The State's evidence tended to show the following: The victim, M.M.,1 who is mentally retarded, testified that she lived with her mother and Ray when she was around 9 or 10 years of age. She said that on two occasions Ray made her put lotion on his "privates" and rub him. M.M. also testified that he told her not to tell anyone or he would beat her. She said that Ray was physically abusive and beat her with shoes, switches, and belts.

The testimony also showed that M.M. and her sister were removed from their mother in 2003 and that a guardian was appointed for the children at that time. M.M. told her guardian that Ray made her put lotion on his penis. The guardian testified that she immediately reported M.M.'s statement to the Department ofHuman Resources. Ray was ultimately charged with sexual abuse in the first degree.

Ray testified in his own defense and was questioned about a statement he gave to Detective Teri Davis of the Gadsden Police Department. In the statement Ray told police that he had never touched the victim in a sexual way. The circuit court then allowed the prosecutor to question Det. Davis about a prior juvenile adjudication that was also brought out during Ray's statement to Det.
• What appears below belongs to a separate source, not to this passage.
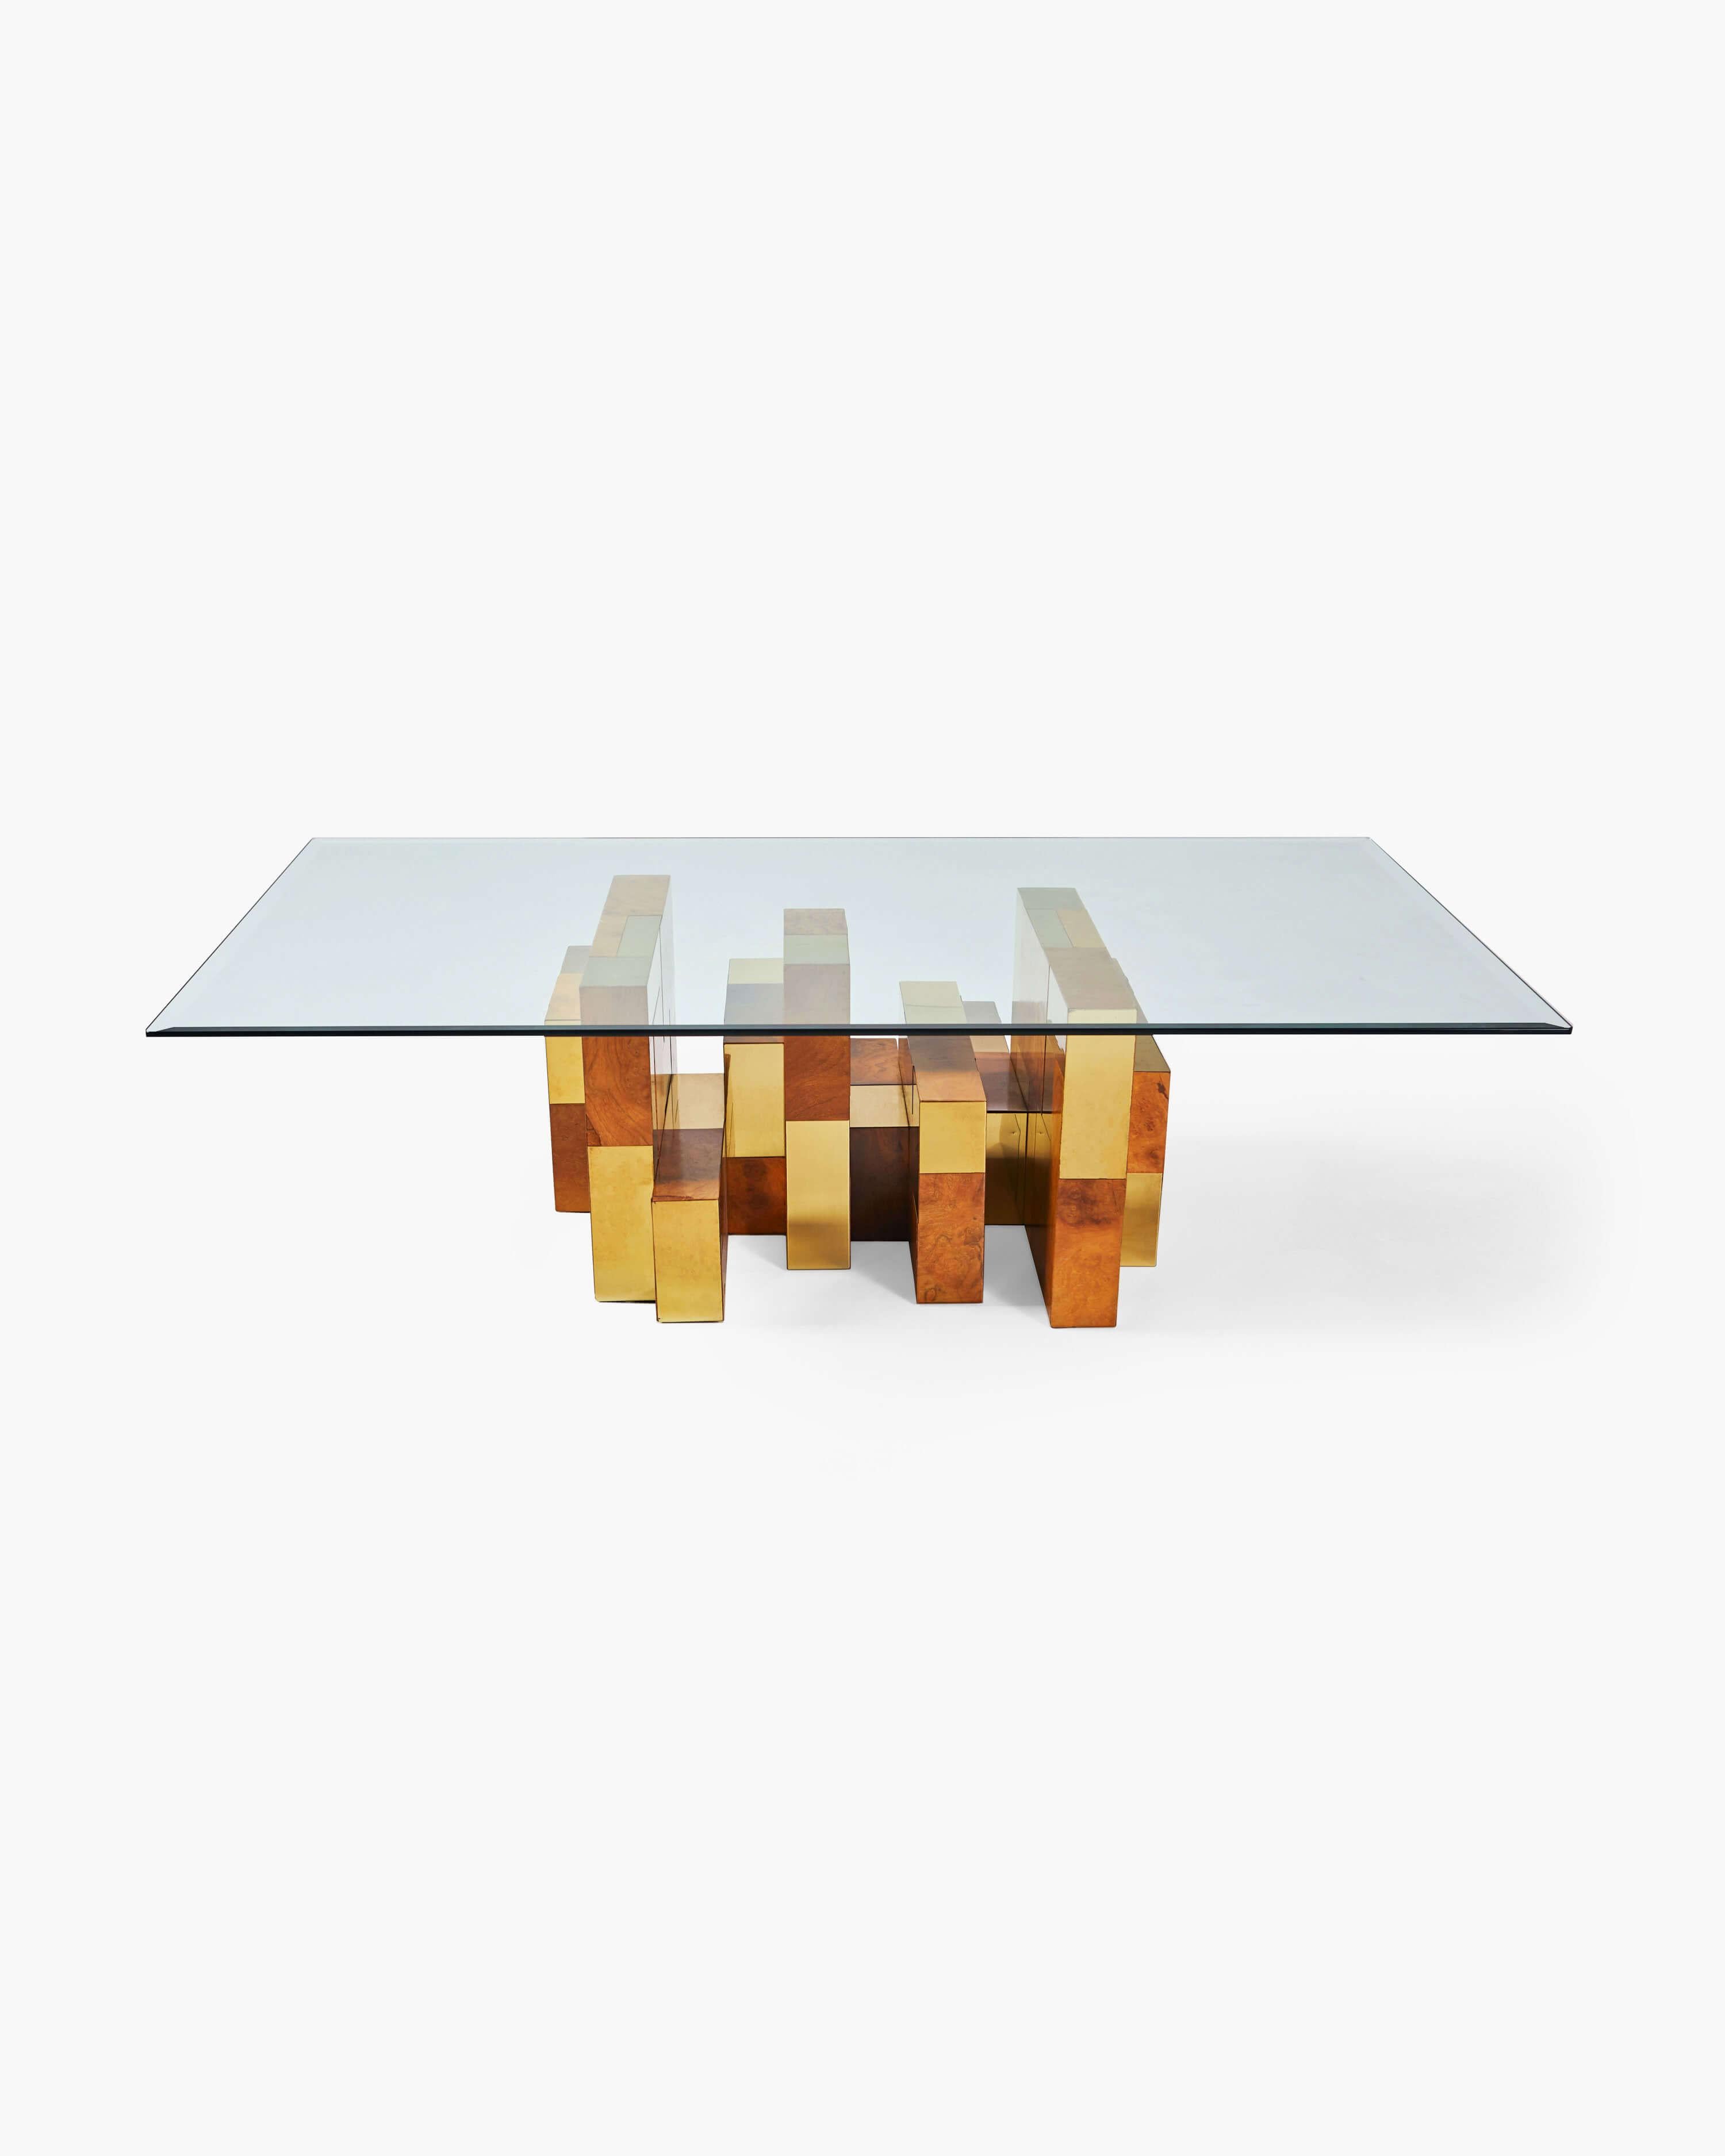 A sheet of tinted glass sits atop a base of burl-wood and brass intersecting polyominoes in this object of sculptural mastery. The piece highlights Evans' attunement to both form and function. As the name suggests, this interplay of reflective and
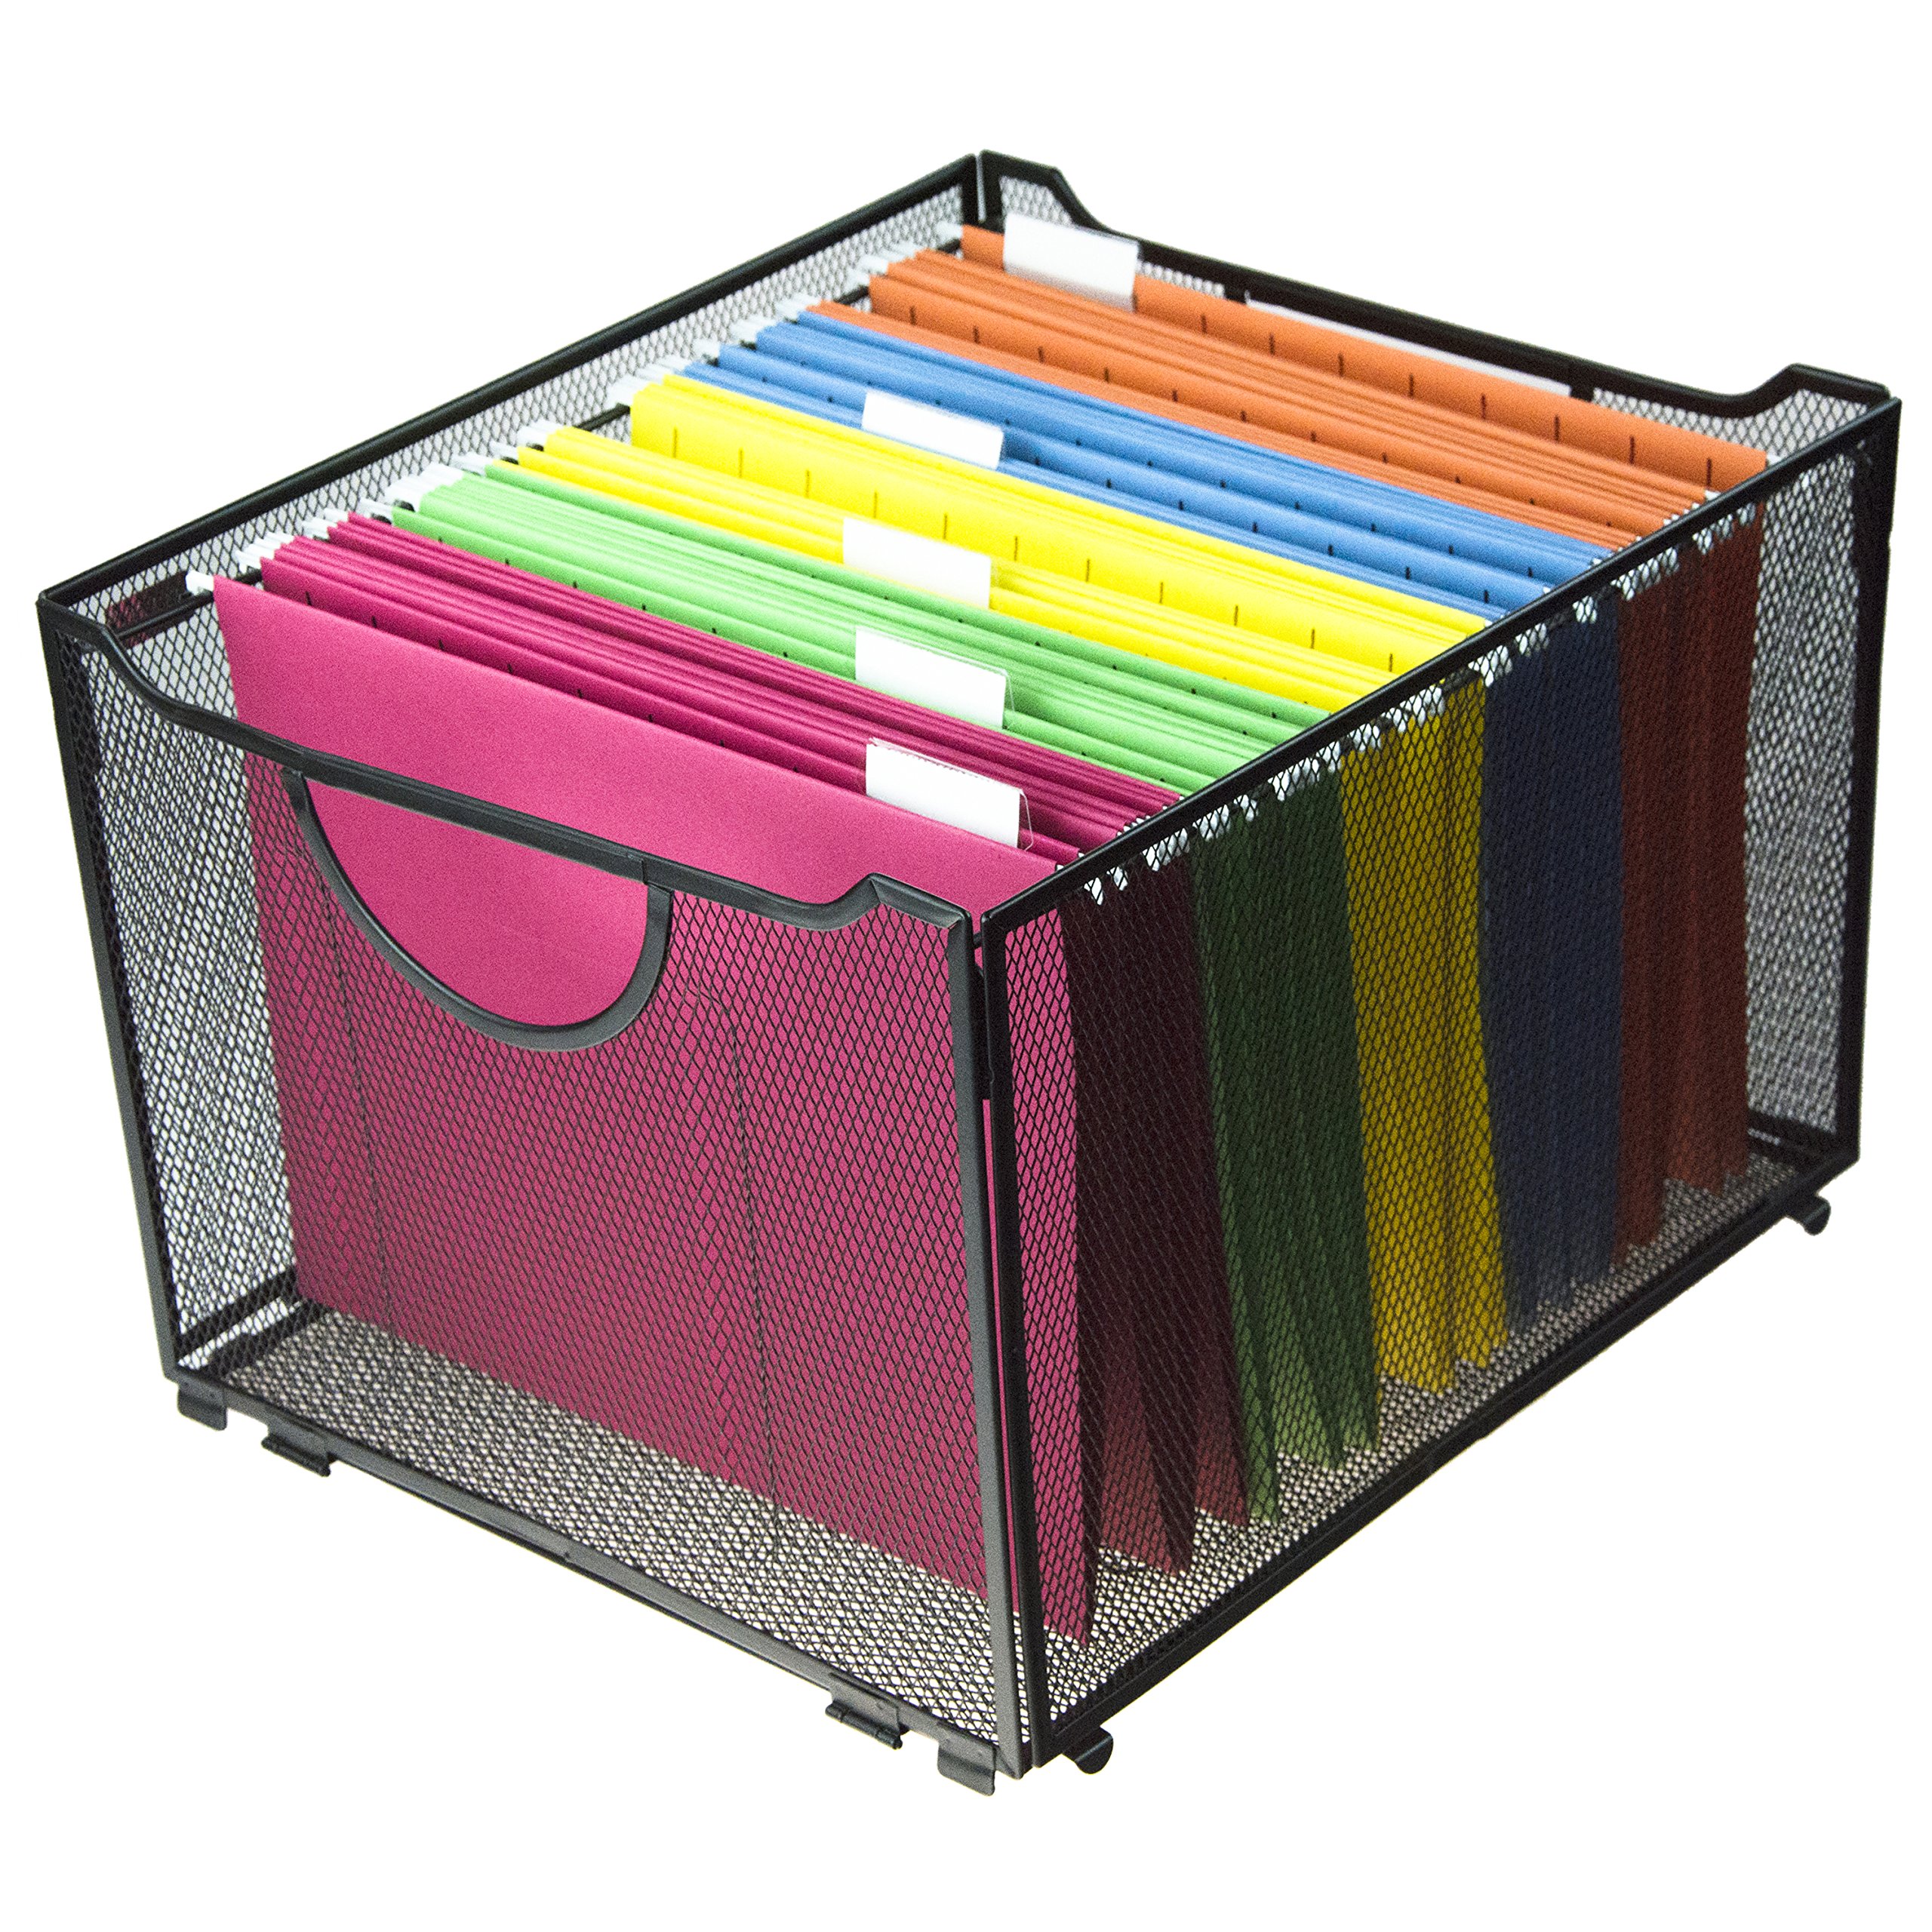 File folders and storage boxes

Davis.

I.

Ray first argues that the circuit court erred in allowing the State to impeach him with evidence about a prior juvenile adjudication from the State of Ohio. Specifically, he argues that the admission of the juvenile adjudication to impeach him violated Rule 609(d), Ala.R.Evid., and statutory law.

Rule 609(d), Ala.R.Evid., provides: "[E]vidence of a juvenile or youthful offender adjudications is not admissible under this rule." Section 12-15-72(b), Ala.Code 1975, provides in part: "The disposition of a child and evidence given in a hearing in the court shall not be admissible as evidence against him in any case or proceeding in any other court whether before or after reaching majority...."

The State argues that Ray opened the door to the introduction of evidence of the prior juvenile adjudication when he discussed the prior juvenile adjudication in his statement to Det. Davis. The State further asserts that the prior juvenile adjudication was properly admitted to show motive.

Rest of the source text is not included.